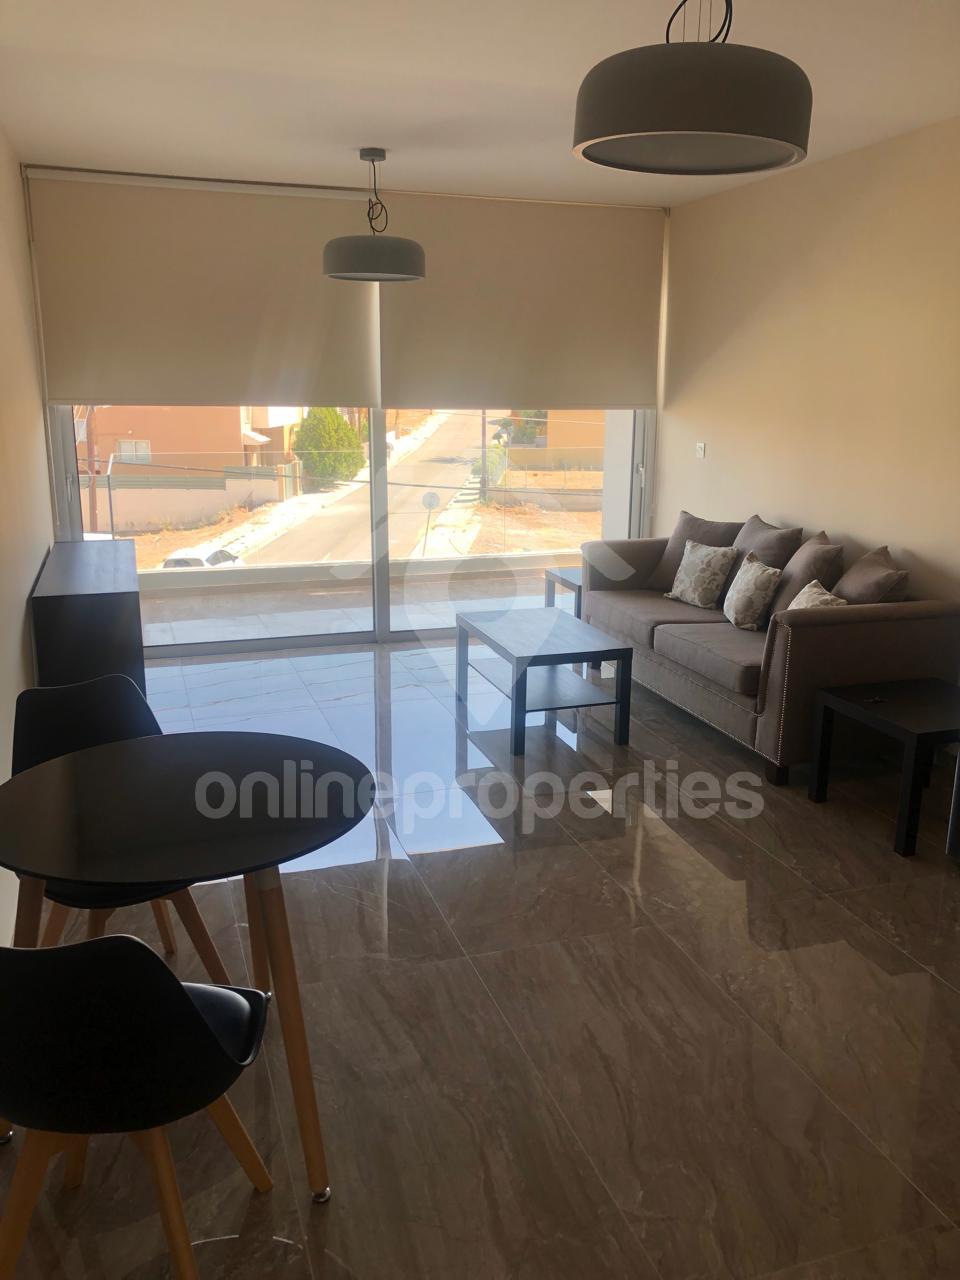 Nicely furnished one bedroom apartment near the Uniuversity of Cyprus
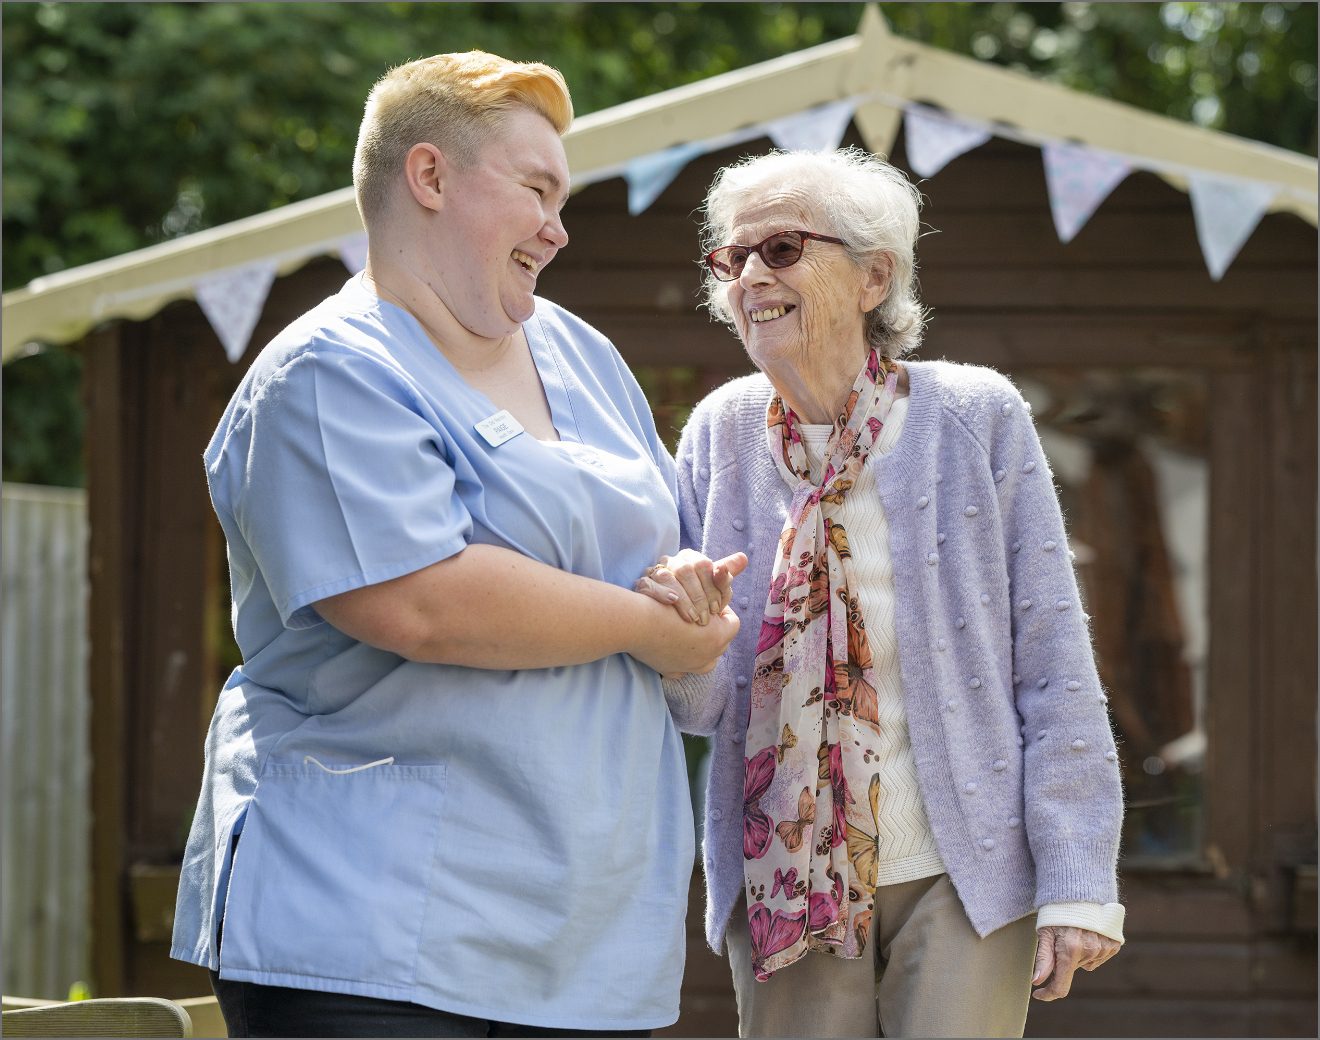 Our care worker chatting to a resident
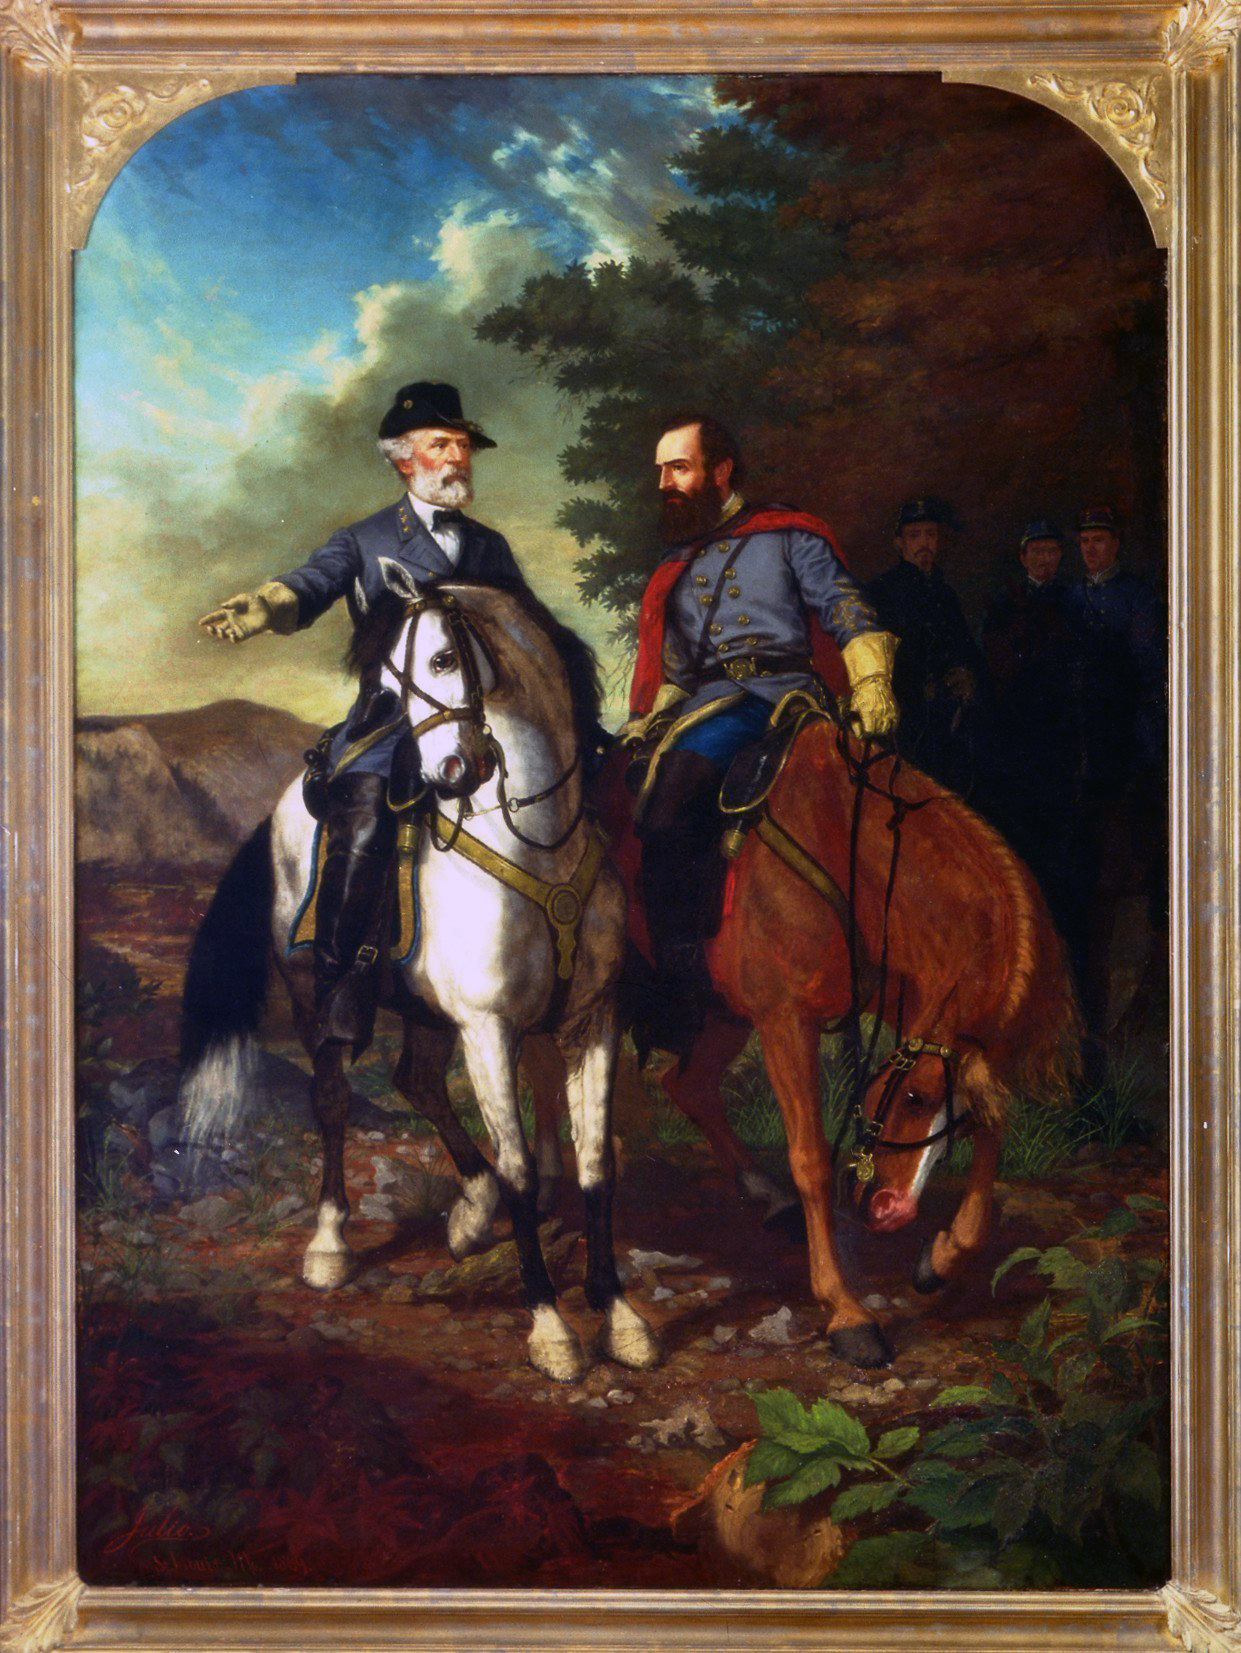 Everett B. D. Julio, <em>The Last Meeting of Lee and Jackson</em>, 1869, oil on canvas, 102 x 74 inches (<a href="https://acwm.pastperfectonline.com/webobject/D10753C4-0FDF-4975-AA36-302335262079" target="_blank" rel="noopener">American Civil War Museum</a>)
* * * * * * * * *
WHAT IS REQUIRED:
The material is to be reproduced verbatim, and no picture may appear in the copy.

SOLUTION TO THIS EXERCISE:
 Nicely furnished one bedroom apartment near the Uniuversity of Cyprus
 Our care worker chatting to a resident
 Everett B. D. Julio, <em>The Last Meeting of Lee and Jackson</em>, 1869, oil on canvas, 102 x 74 inches (<a href="https://acwm.pastperfectonline.com/webobject/D10753C4-0FDF-4975-AA36-302335262079" target="_blank" rel="noopener">American Civil War Museum</a>)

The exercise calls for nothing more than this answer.